Raquel Teran Shares the Importance of the Latino Vote and Immigration Reform

By admin December 24, 2013 21:56

RT BBy Cindy G Castillo

Born in Douglas, AZ and raised in Agua Prieta, Sonora, Raquel Teran has witnessed first-hand the social issues that surround her town of origin.

“I have been involved in the issue of immigration for the last 10 years precisely because I’ve seen how the community where I grew up has been assaulted by the mainstream hate that occurs,” Teran recalls.

As current Director for the Mi Familia Vota organization, Teran’s primary focus is getting Latinos involved in the decision-making process when it comes to their community leaders.

“I am very fortunate to do what I love to do, which is be involved in the community organizing and connecting stories connecting with people and really knowing that the work that one does has an impact in people’s lives.”
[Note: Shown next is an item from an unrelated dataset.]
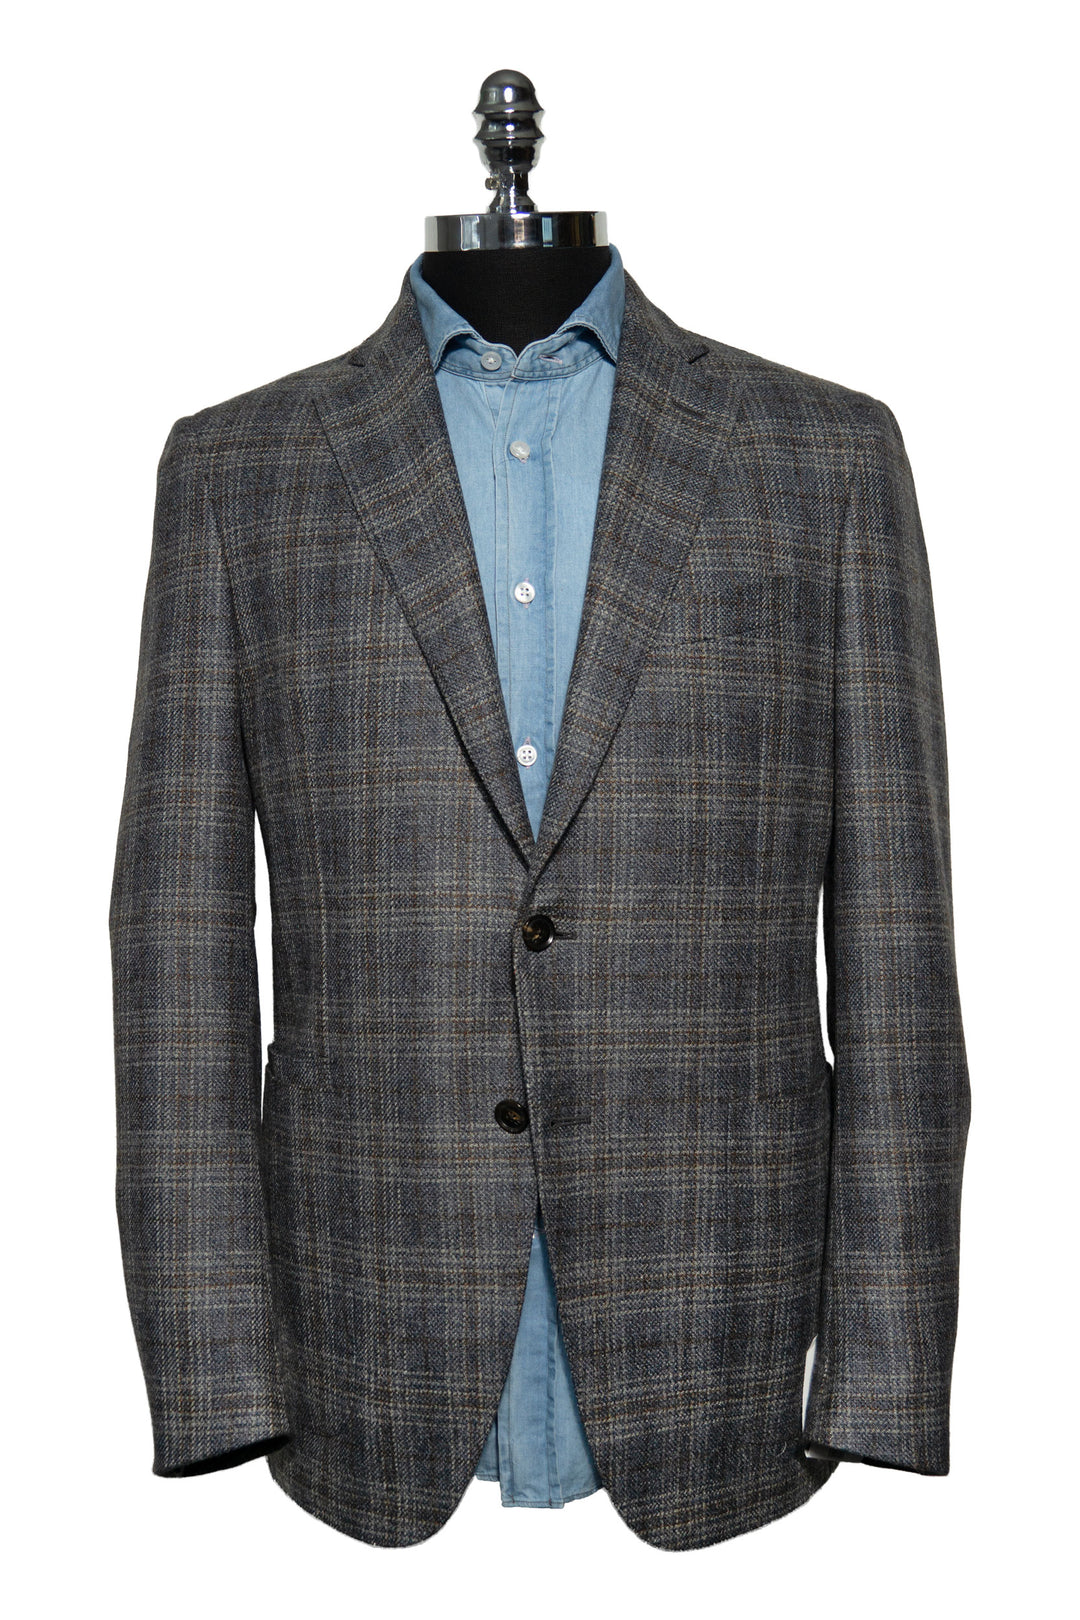 Luciano Barbera Grey Blue with Rust Plaid Wool Jacket

The organization’s primary mission is to “unite the Latino community and its allies to promote social and economic justice through increased civic participation.” For Teran, justice lies on the removal of officials who in some way do not represent the values in the community.

Teran emphasizes the importance of making sure that there are “fair laws that are going to help our communities grow and that are going to be able to educate children, give them healthcare, [and] be able to have a different way of living,” she said.
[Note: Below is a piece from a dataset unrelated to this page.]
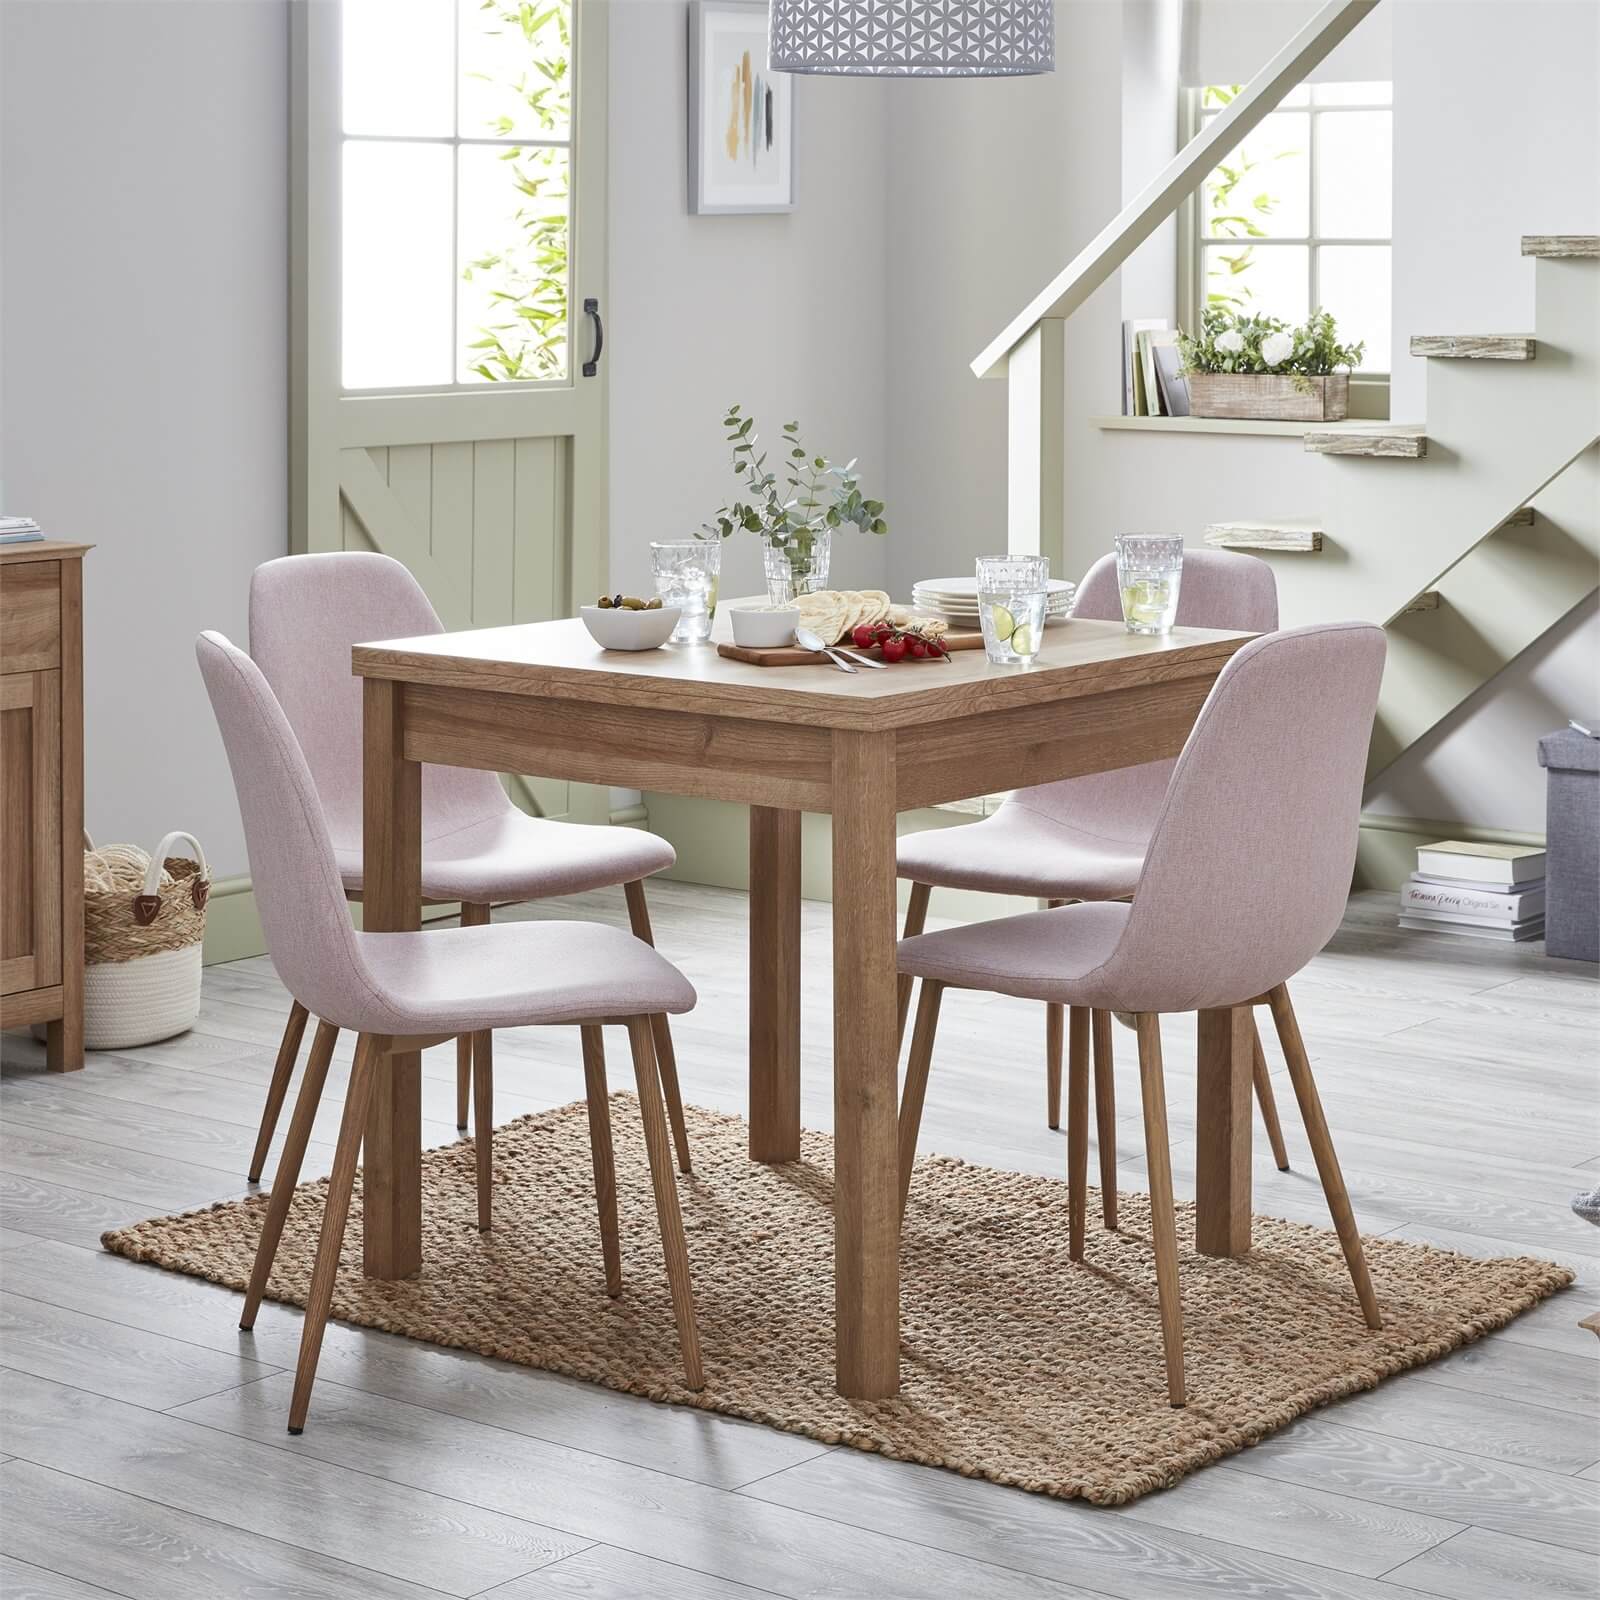 Ludlow Upholstered Dining Chair - Set of 2 - Dusky Pink

Advocating for political justice and equality imposes challenges that Teran is willing to face. She recalls a time she spoke at the Sheriff’s office to the board of supervisors, and a couple days later received a notification for disorderly conduct at her house.
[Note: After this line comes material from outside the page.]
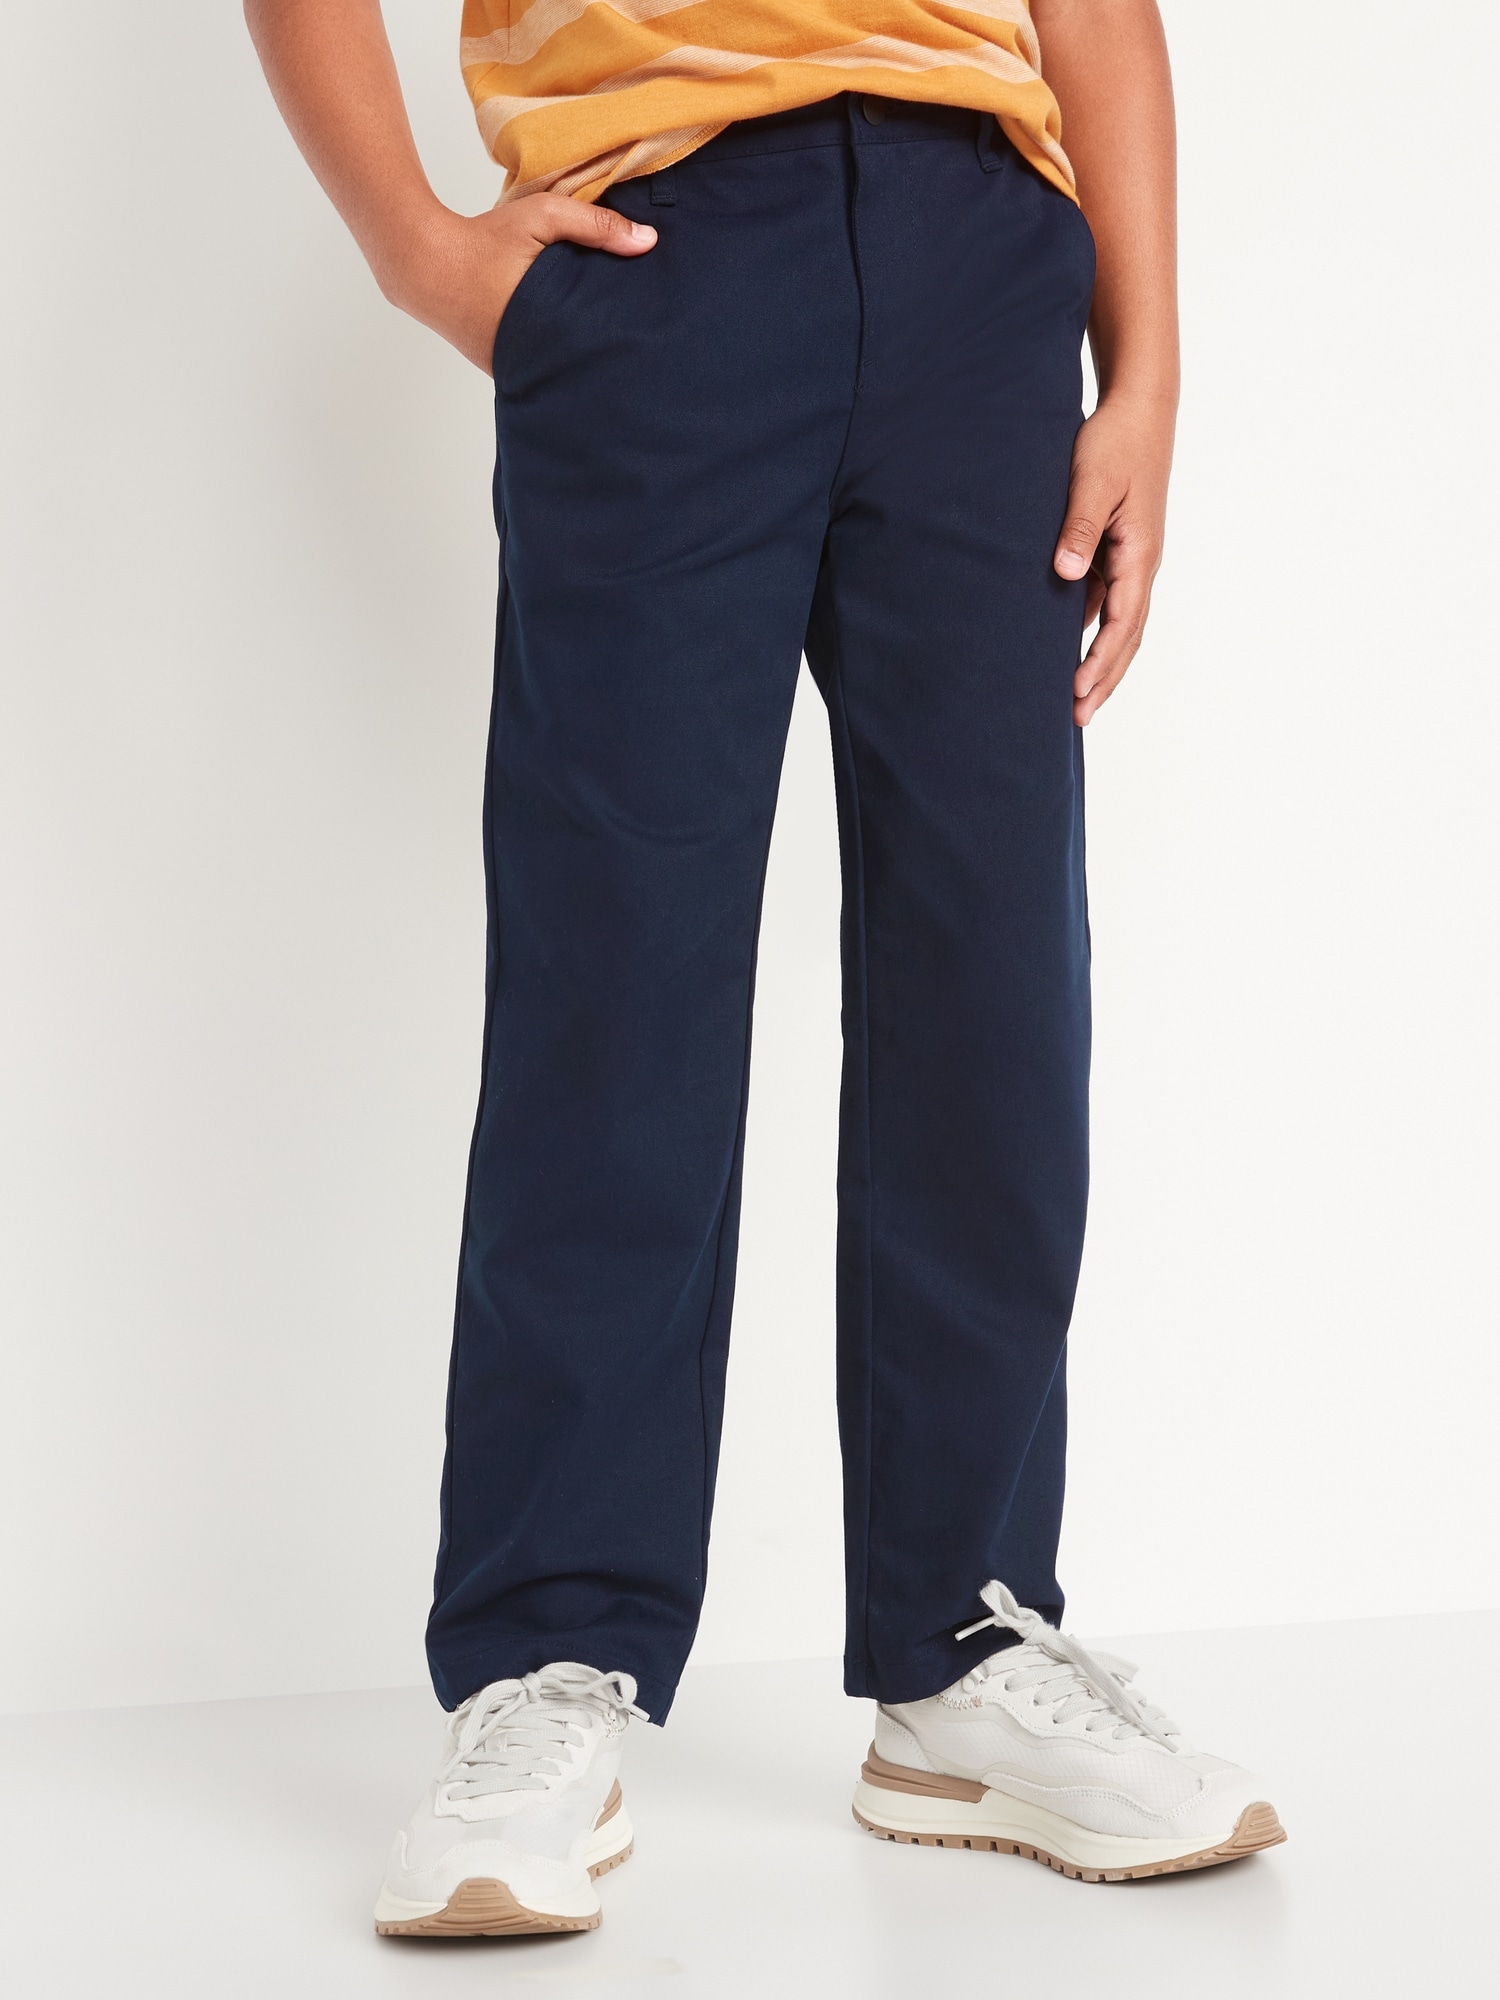 Breathe On Tapered Pants For Boys  Old Navy

“Every single day there is a story; there is impact. The typical mother or father going to work and never knowing if they’re going to come back. People going through the system, that’s always the motivating factor that drives my work.”

Teran admits to the difficulties that approach along the road, but believes the future to be bright for the Latino community as more leaders emerge.

“I think that as time progresses we are building up our political power. We see more and more of our dreamers come out of the shadows and being very fearless; being just like the leaders that we need.”

Her ultimate message for the community is to never give up when it comes to activism. In order for the community to engage, we have to be dependable and know what the community wants and needs.

“In Arizona, it’s a harsh environment for the immigrant community. We certainly have to hope that we can stop the separation of families, making sure that we are watching closely and holding people accountable.”